• **Your assignment**:
Would you repeat the listing exactly, without any of its images?

• **Data excerpt**:
'''

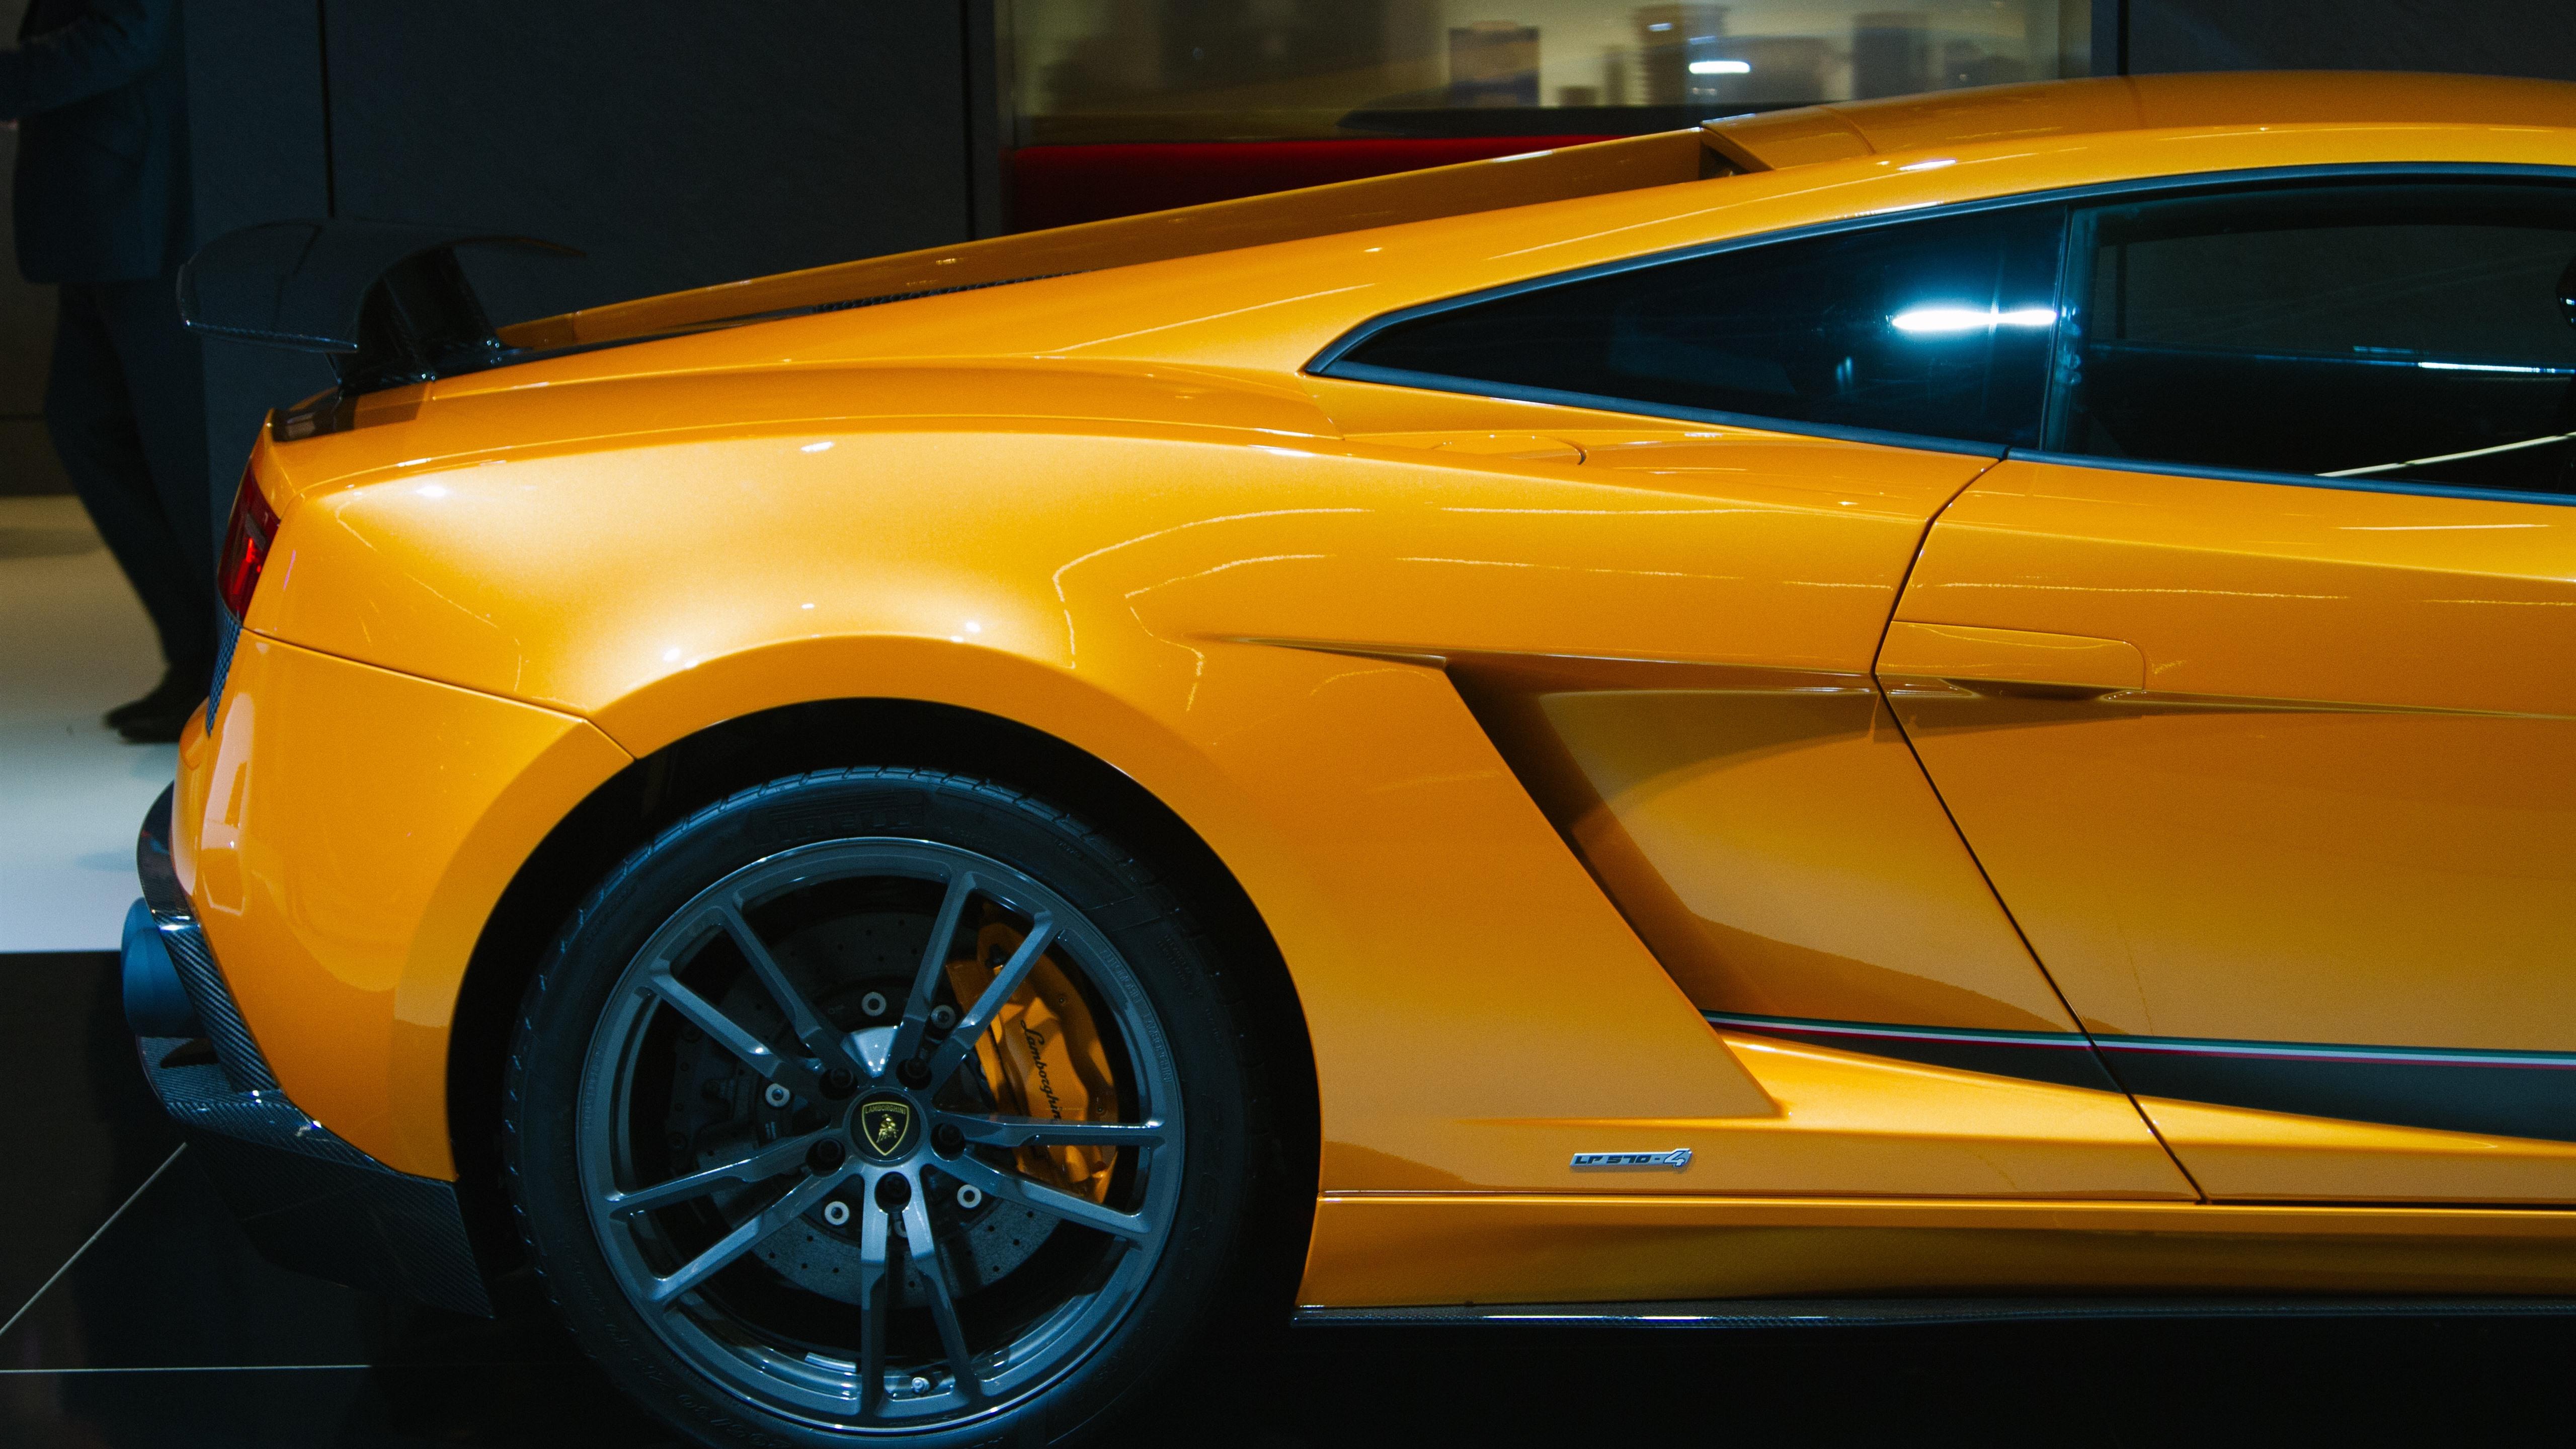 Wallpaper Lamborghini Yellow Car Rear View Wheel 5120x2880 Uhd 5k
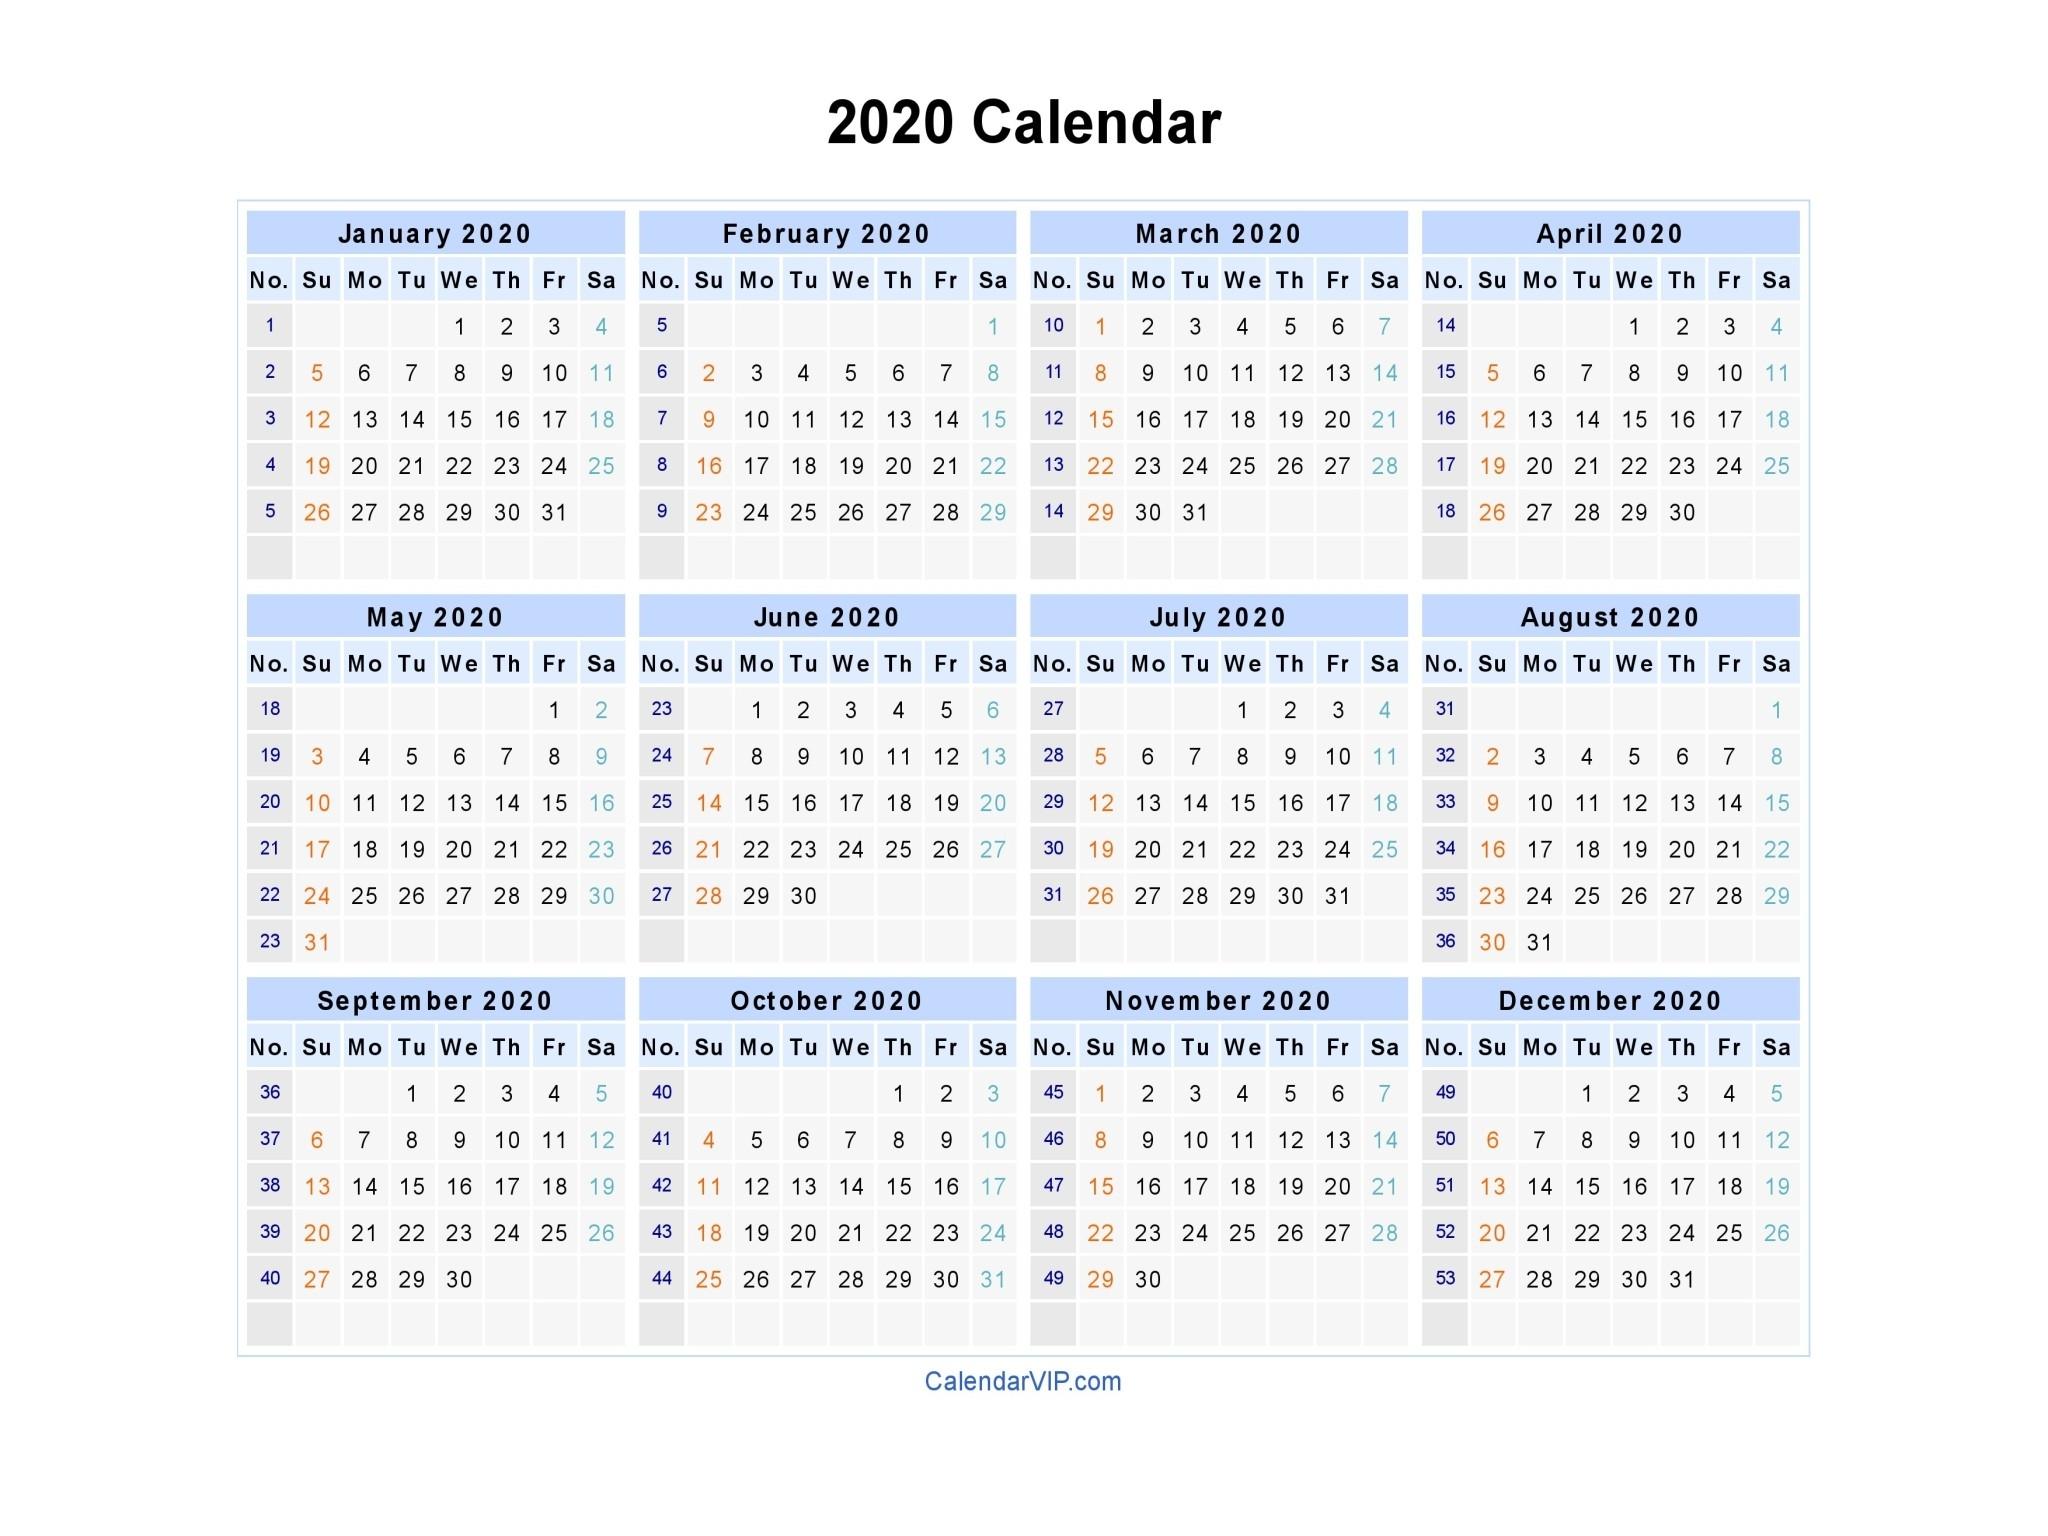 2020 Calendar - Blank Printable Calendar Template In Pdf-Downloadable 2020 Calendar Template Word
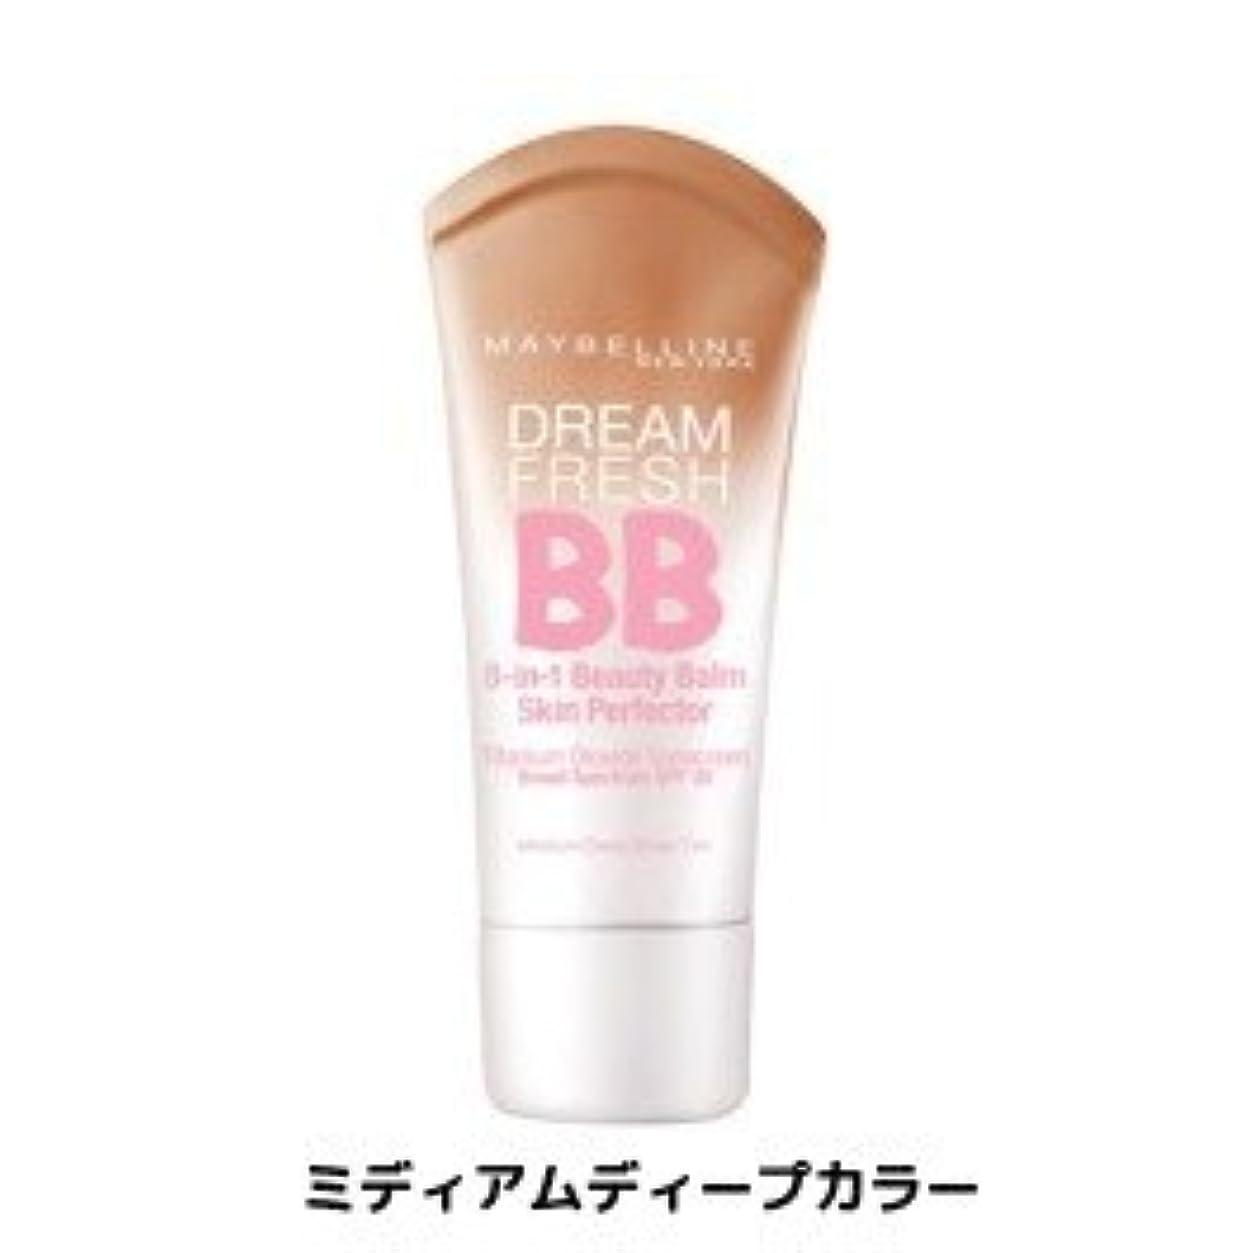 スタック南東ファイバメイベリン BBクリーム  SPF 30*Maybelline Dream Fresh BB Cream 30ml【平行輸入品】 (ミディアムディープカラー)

'''

• **Exercise result**:
 Wallpaper Lamborghini Yellow Car Rear View Wheel 5120x2880 Uhd 5k
 2020 Calendar - Blank Printable Calendar Template In Pdf-Downloadable 2020 Calendar Template Word
 スタック南東ファイバメイベリン BBクリーム  SPF 30*Maybelline Dream Fresh BB Cream 30ml【平行輸入品】 (ミディアムディープカラー)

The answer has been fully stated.